In that season-turning three-game streak, Brouwer scored four goals, two of them game-winners. At that point, the Capitals still had one of the worst records in hockey, but Brouwer, who was traded to the Capitals from the Chicago Blackhawks in the summer of 2011, was doing his part to right the ship.
A month into the season, Brouwer was leading the team with seven goals and enjoying a bounce-back season after a disastrous 33-point campaign, his first season in the U.S. capital.
He would finish his season second on the Capitals with 19 goals in 47 games, one more than the 18 he scored in 82 games the previous season. He would also lead the team with five game-winners and, as the only player on the team to have won the Stanley Cup, has provided big plays in the Capitals' Eastern Conference Quarterfinals against the New York Rangers.
"To me, he's one of our captains. He's probably been our most solid guy game in and game out," Oates said. "I put him in every situation. He's been reliable. I think he's had a terrific year."
Brouwer has indeed played in practically every situation, making him an invaluably versatile player on a team known more for star players like Ovechkin, Mike Green and Nicklas Backstrom. Through most of the season, Brouwer has anchored the second line alongside Mike Ribeiro while playing on the power play and penalty kill. In the Capitals' opening-round series against New York, he scored a huge tying goal with 18 seconds remaining in the second period of Game 4 in New York.
Two nights later, he set up Ribeiro for the Game 5 overtime winner. Clearly, life in D.C. has gotten better for Brouwer.
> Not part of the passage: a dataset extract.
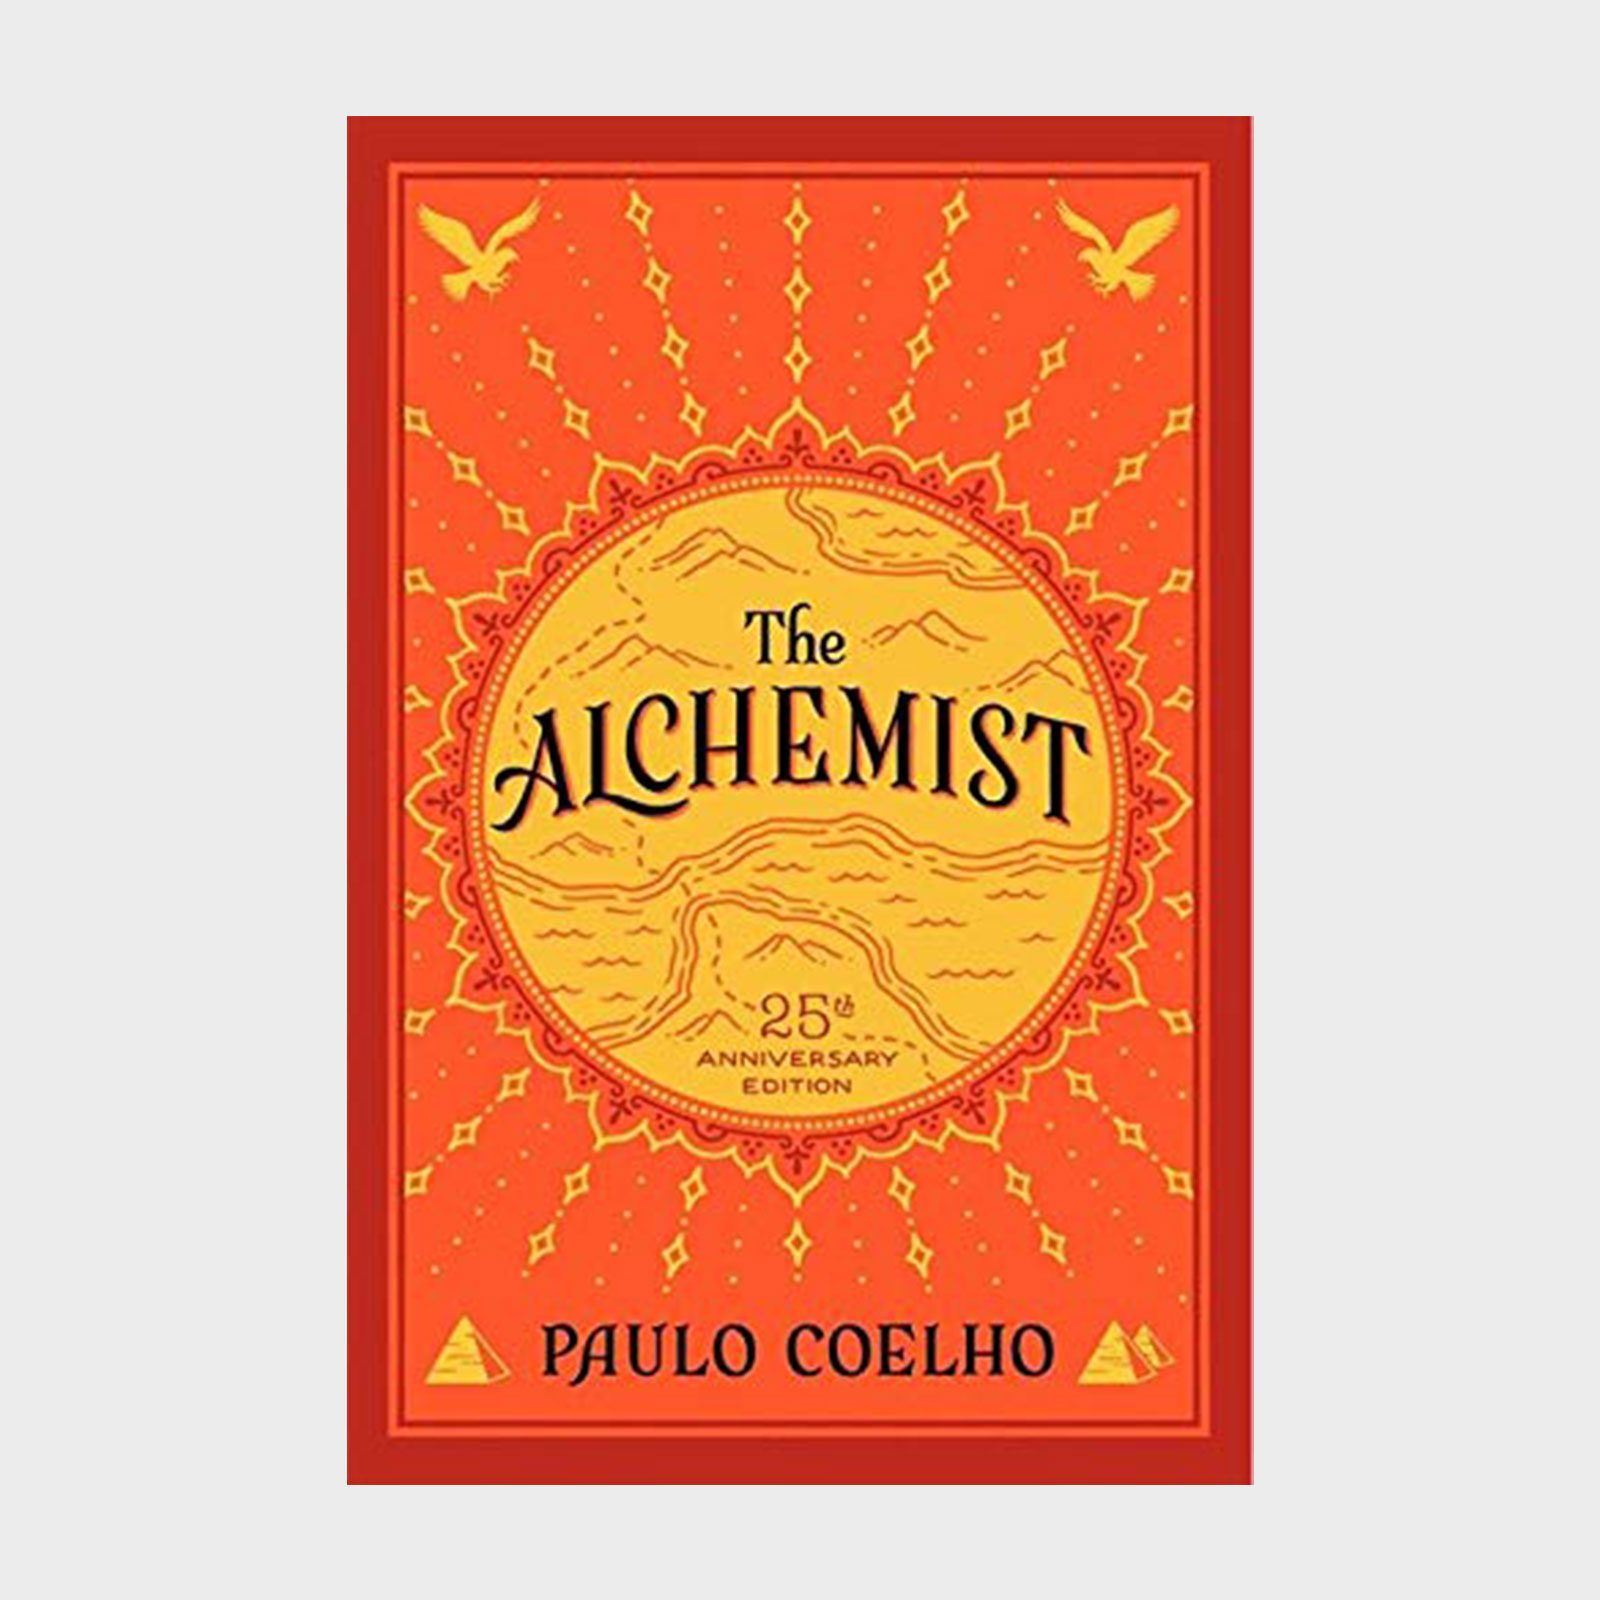 <p>A critically acclaimed <a href="https://www.rd.com/list/classic-books/" rel="noopener noreferrer">classic novel</a>, Paulo Coelho's 1988 <a href="https://www.amazon.com/Alchemist-Paulo-Coelho/dp/0062315005" rel="noopener"><em>The Alchemist</em></a> is packed with wisdom and revelation, empowering anyone on a journey of self-discovery. Readers are swept into the mystical world of a shepherd boy named Santiago, who embarks on a quest in search of worldly treasure only to find his riches in the people he meets and insights he grasps along the way. If you've ever questioned whether you're on the right path or if you've lost sight of what you want in life, Santiago's story may inspire you to rediscover your own spiritual connection.</p> <p class="listicle-page__cta-button-shop"><a class="shop-btn" href="https://www.amazon.com/Alchemist-Paulo-Coelho/dp/0062315005/">Shop Now</a></p>

Brouwer started his first season with the Capitals playing for coach Bruce Boudreau, who was fired in November, 2011. Boudreau's replacement, Dale Hunter, led the Capitals to the second round of the Stanley Cup Playoffs before resigning last May. With Oates giving him more opportunities to step up, Brouwer has put his difficult first season in DC behind him. And it's paying huge dividends for Washington.
"Last year, we had a lot of different styles, as far as our systems went. Linemates changed quite a bit. This year has been more steady. I've played with two centerman, either Nicky [Backstrom] or Ribs [Ribeiro], all year long," Brouwer said prior to Game 6 on Sunday. "That familiarity is very easy to play with rather than jumping around from different roles. I was on a checking role for a little while last year. Oates has given me a lot more opportunities."
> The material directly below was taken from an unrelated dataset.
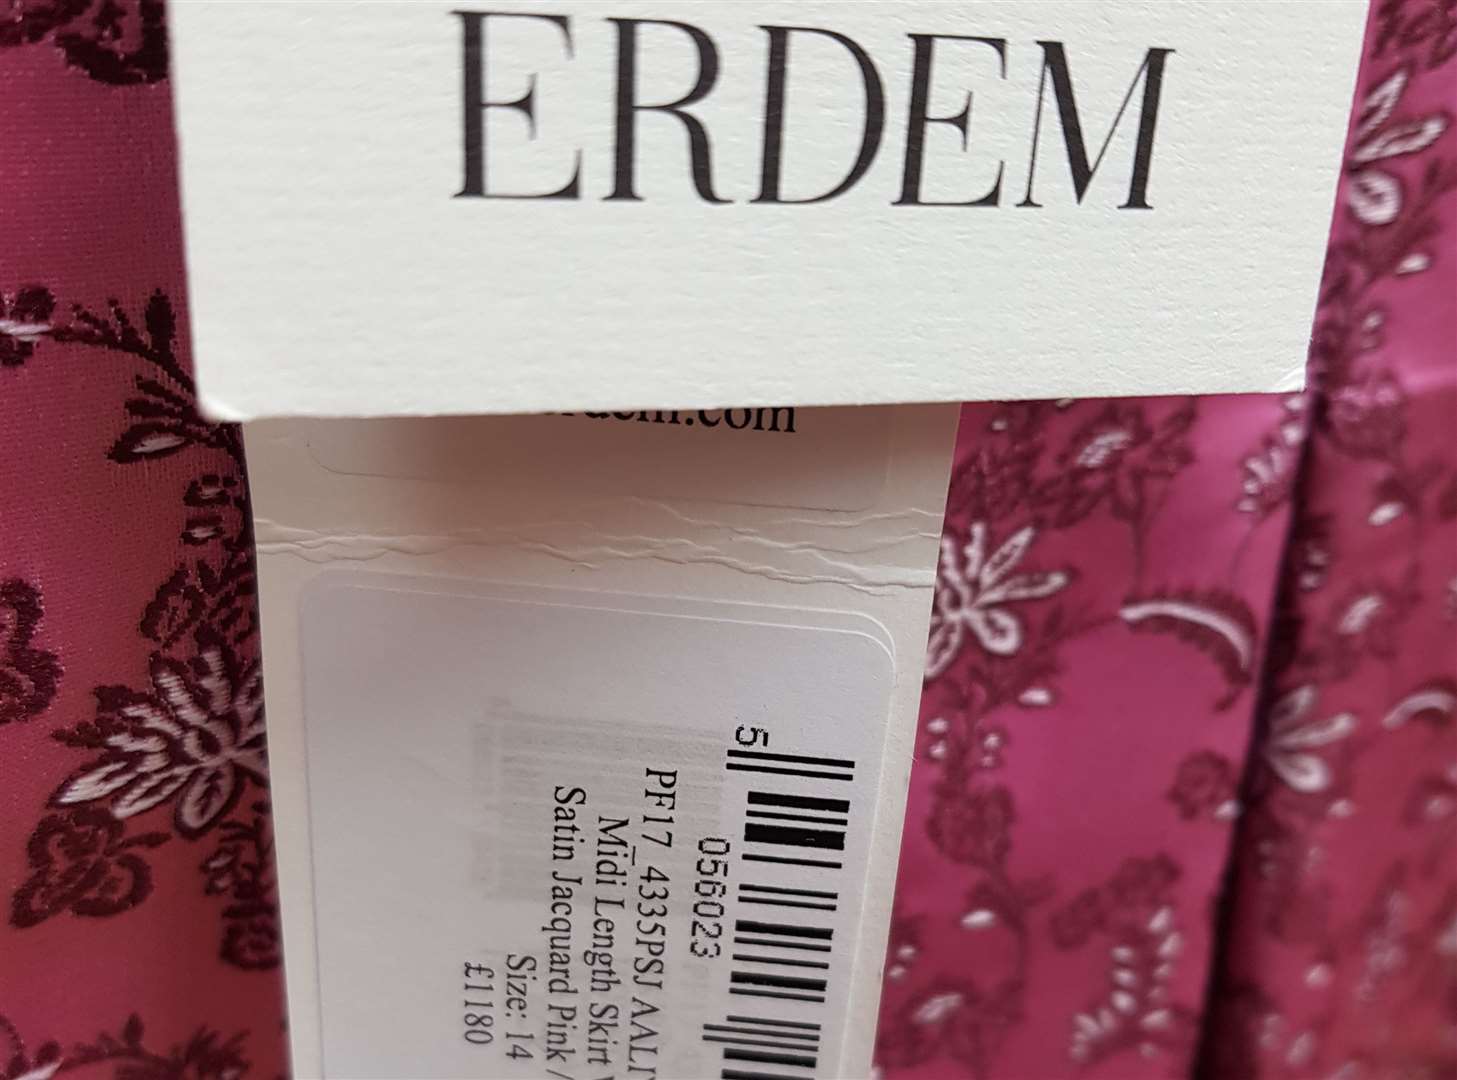 An Erdem skirt with original tags showing its retail price of £1,180

Brouwer may have been the Capitals' most consistent player when the team struggled early in the 2012-13 season. But that's not to say he went anywhere once Ovechkin recaptured his scoring touch and Washington suddenly became among the League's hottest teams heading into the postseason.
Ovechkin closed the regular season with 23 goals in his final 23 games, helping Washington capture the Southeast Division crown. Brouwer had 10 goals in that span, including three more game-winners. He would finish his bounce-back season second on the team to Ovechkin in goals, shots and power-play points. A striking turnaround from the player who finished the 2011-12 campaign with one goal in his final 19 regular-season games before scoring twice in 14 playoff games.
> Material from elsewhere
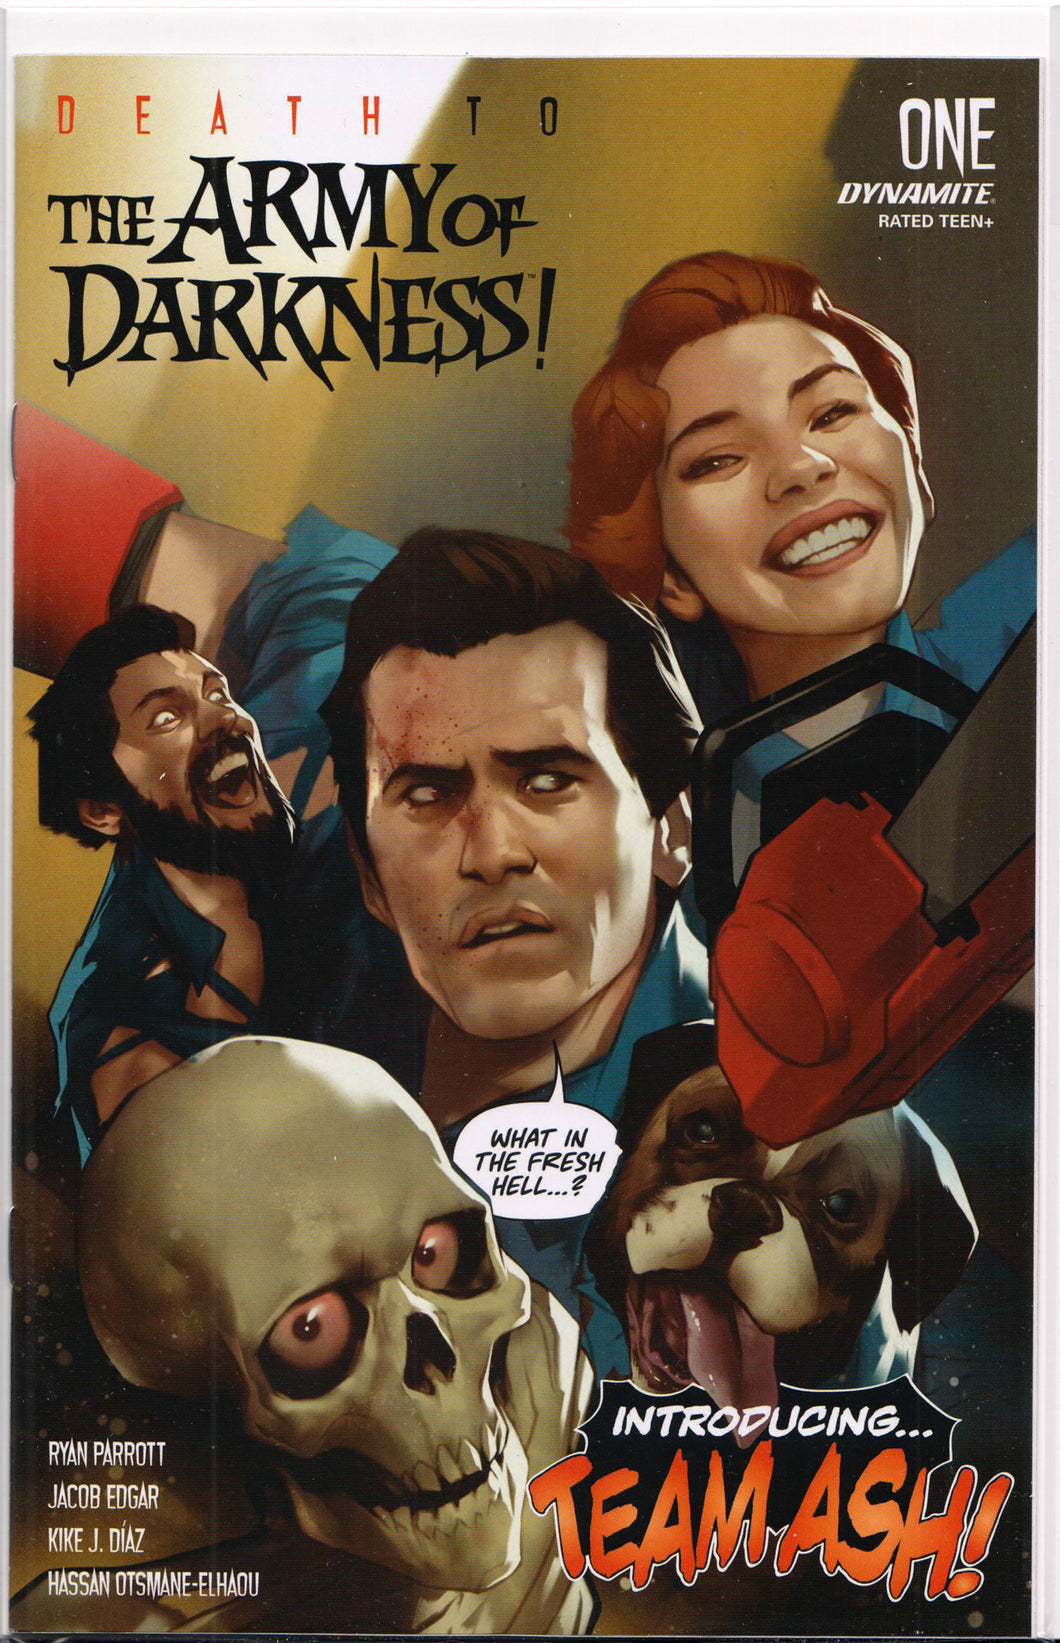 DEATH TO THE ARMY OF DARKNESS #1 (BEN OLIVER VARIANT) COMIC BOOK ~ Dynamite

In a career season in Washington, Brouwer has contributed in every conceivable way. But with the Capitals looking to advance against the Rangers in Game 7 of their Eastern Conference Quarterfinals series Monday, the experience Brouwer gained winning the Stanley Cup with the Blackhawks in 2010 may be his biggest contribution.
In fact, Brouwer isn't just the only Capitals player who has won the Stanley Cup -- he's the only Washington player to have played in the Cup Final.
"He's been there. He's gone through that grind. He knows what that means," Oates said. "His position on the power play is vital to us. He had some success early and he's carried it through the lineup all year."